When I try to compile the code with

nvcc  saxpy.cpp -ccbin=pgc++ -Xcompiler " -Minfo=accel -ta=tesla:cuda8.0 -Mcuda=8.0 "  -I/opt/tools/cuda-8.0/include  -o saxpy -L/opt/tools/cuda-8.0/lib64  -lnppc -lnppi

It shows the following error of the linking phase:

nvcc warning : The 'compute_20', 'sm_20', and 'sm_21' architectures are deprecated, and may be removed in a future release (Use -Wno-deprecated-gpu-targets to suppress warning).
main:
     19, Accelerator kernel generated
         Generating Tesla code
         21, #pragma acc loop gang, vector(128) /* blockIdx.x threadIdx.x */
         23, #pragma acc loop seq
     23, Complex loop carried dependence of pDst->,pSrc-> prevents parallelization
         Loop carried reuse of pDst-> prevents parallelization
nvlink warning : SM Arch ('sm_20') not found in '/tmp/tmpxft_000012bb_00000000-4_saxpy.o'
/tmp/tmpxft_000012bb_00000000-6_saxpy_dlink.o: In function `__cudaRegisterLinkedBinary_9saxpy_cpp':
/tmp/tmpxft_000012bb_00000000-2_saxpy_dlink.reg.c:2: undefined reference to `__fatbinwrap_9saxpy_cpp'
pgacclnk: child process exit status 1: /bin/ld

Thanks for your help,

Manuel.

Hi Manuel,

Since you’re not linking the device code with PGI, you’ll want to add “-ta=tesla:nordc” to the PGI compile options.

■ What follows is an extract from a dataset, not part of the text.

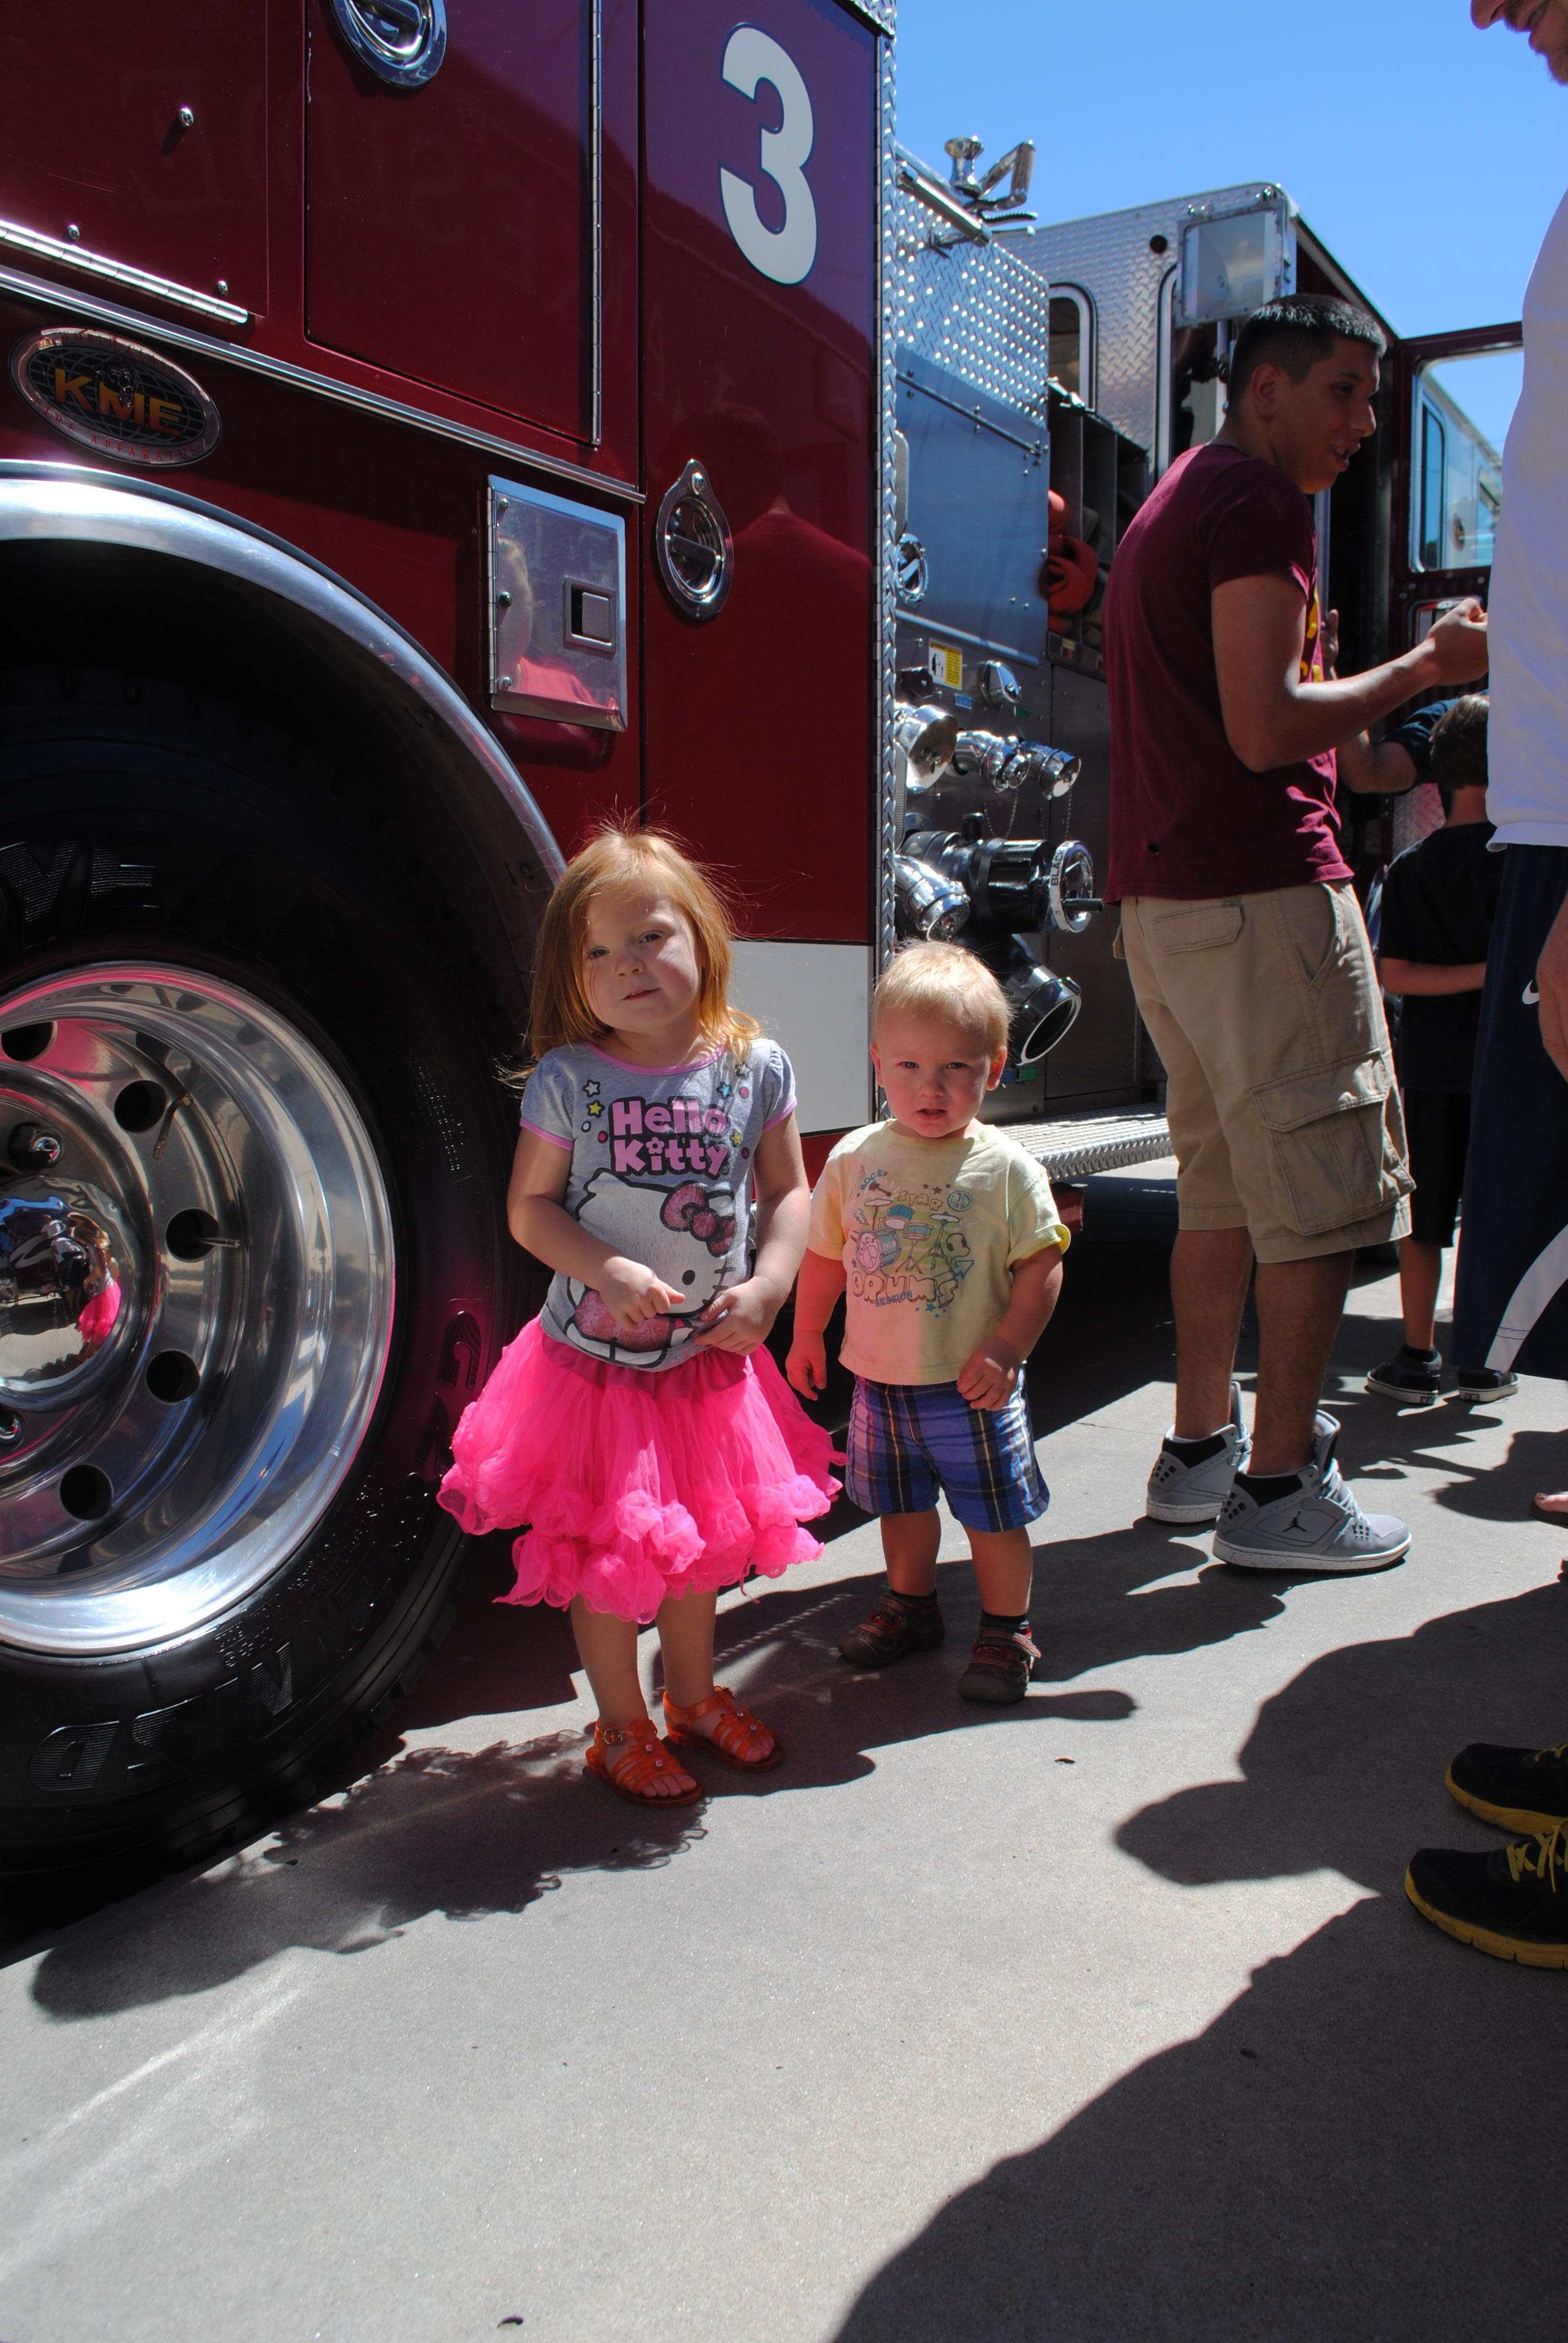 Firehouse 008

Though since the file doesn’t contain CUDA specific language constructs, just host side API calls to NPP, you can compile the file with pgc++ directly and not use nvcc.

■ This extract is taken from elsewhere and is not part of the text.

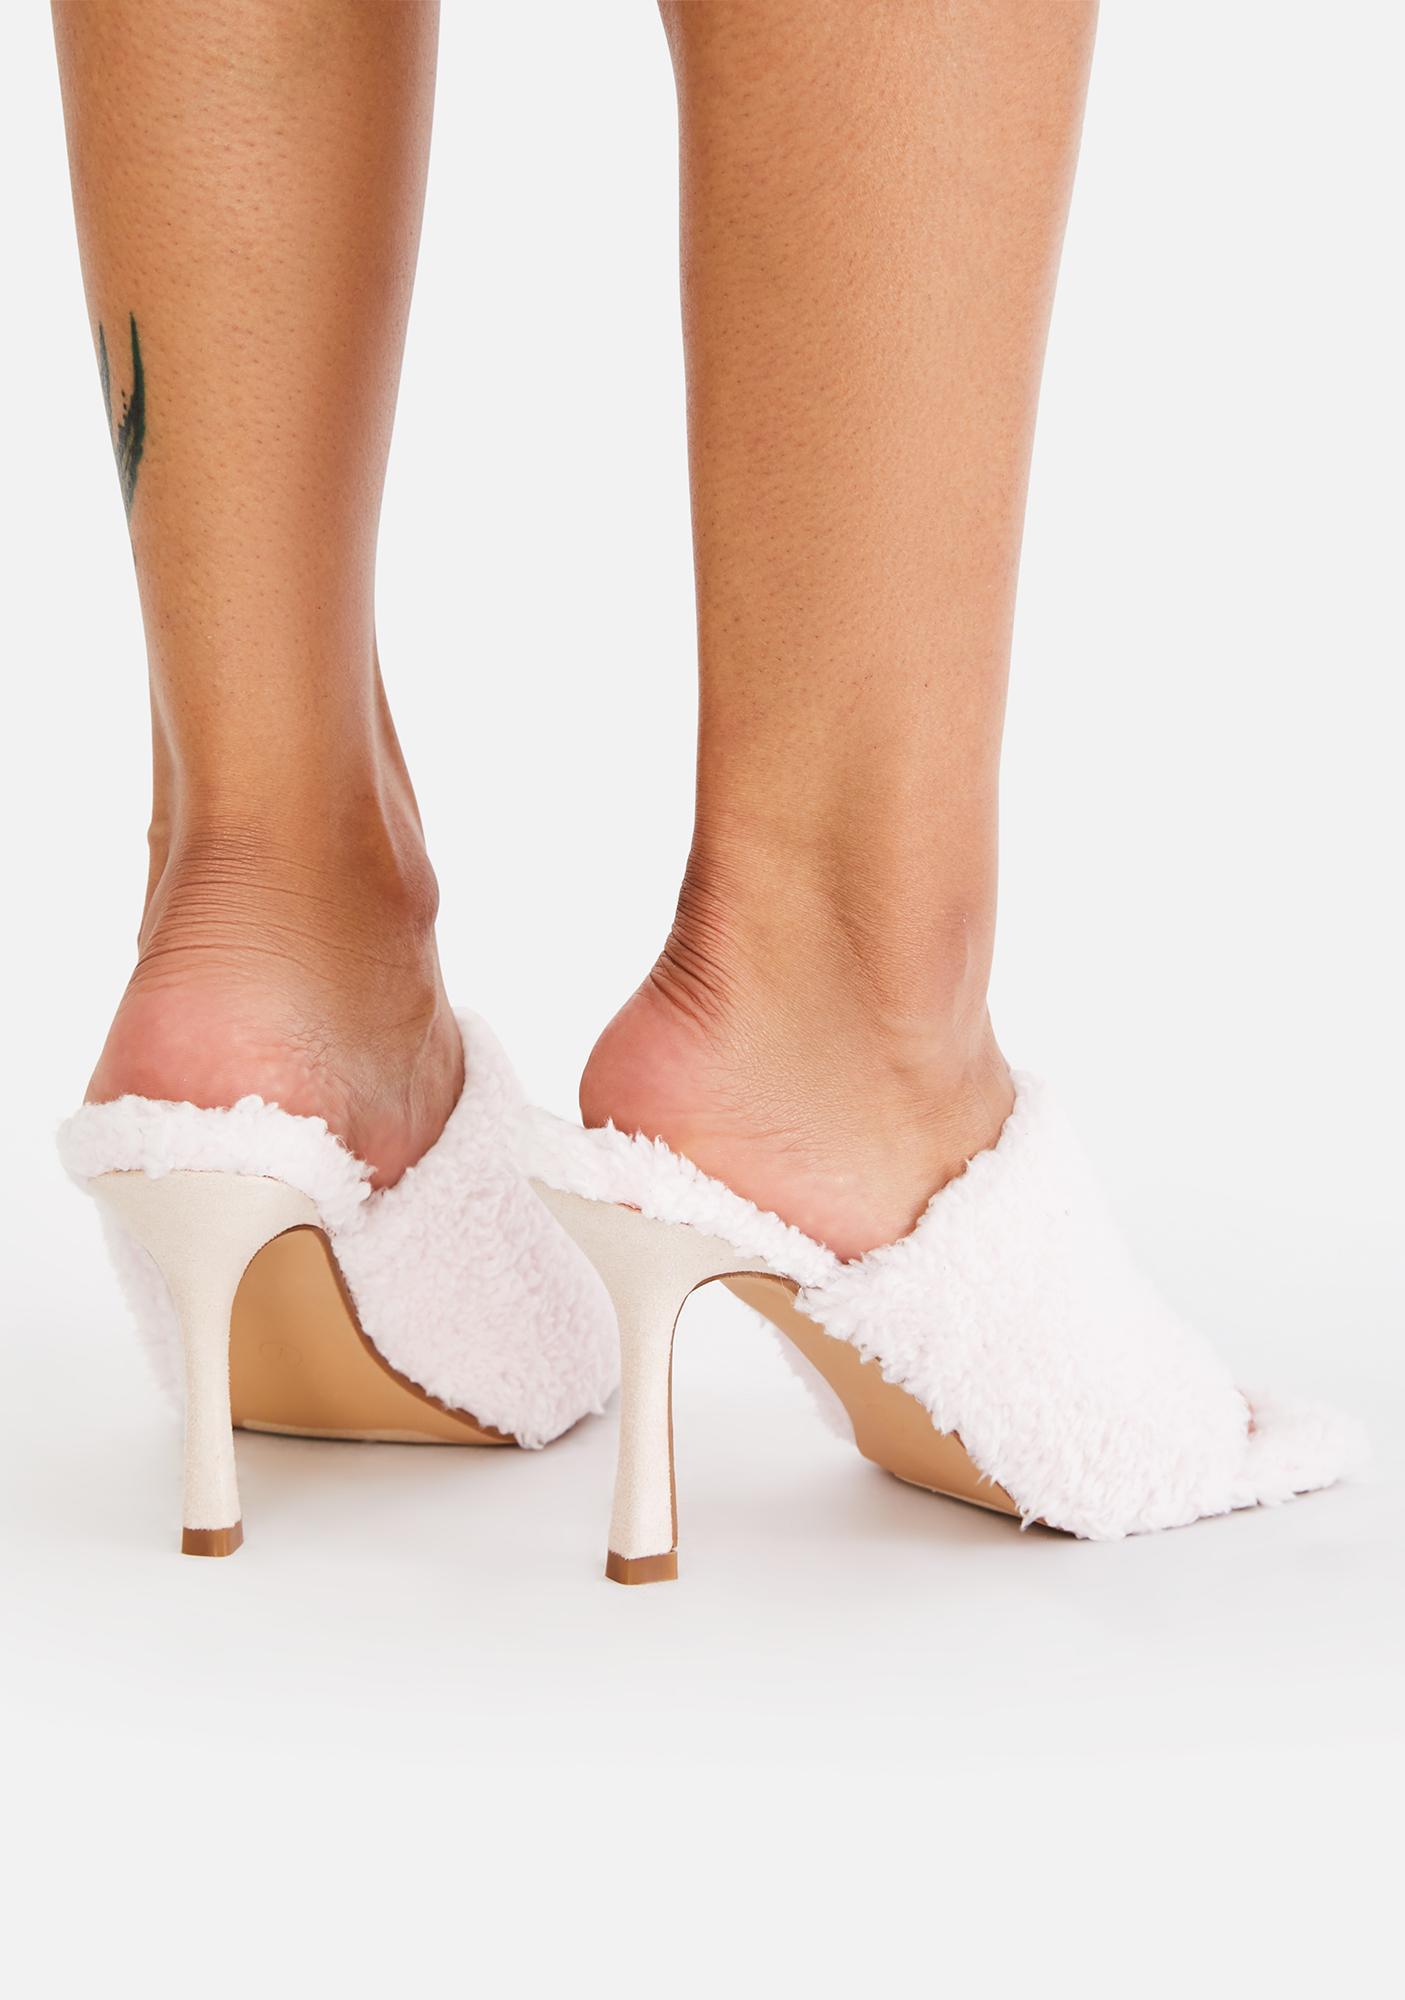 Pretty Princess And The Peep Toe Heels

Note that I don’t have CUDA 8.0 on my system so the examples below use CUDA 9.2 where it looks like some of the NPP library names have changed.

% nvcc saxpy.cpp  -ccbin=pgc++ -Xcompiler " -Minfo=accel -ta=tesla:cuda9.2 -ta=tesla:nordc -Mcuda " -I/opt/tools/cuda-9.2/include -o saxpy -L/opt/tools/cuda-9.2/lib64 -lnppisu -lnppc -lnppidei                               main:
     20, Generating Tesla code
         21, #pragma acc loop gang, vector(128) /* blockIdx.x threadIdx.x */
         23, #pragma acc loop seq
     23, Complex loop carried dependence of pDst->,pSrc-> prevents parallelization
         Loop carried dependence of pDst-> prevents parallelization
         Loop carried backward dependence of pDst-> prevents vectorization



% pgc++ -ta=tesla:cuda9.2 saxpy.cpp -Mcuda -Minfo=accel -L /opt/cuda-9.2/lib64 -lnppisu -lnppc -lnppidei
main:
     20, Generating Tesla code
         21, #pragma acc loop gang, vector(128) /* blockIdx.x threadIdx.x */
         23, #pragma acc loop seq
     23, Complex loop carried dependence of pDst->,pSrc-> prevents parallelization
         Loop carried dependence of pDst-> prevents parallelization
         Loop carried backward dependence of pDst-> prevents vectorization

Hope this helps,
Mat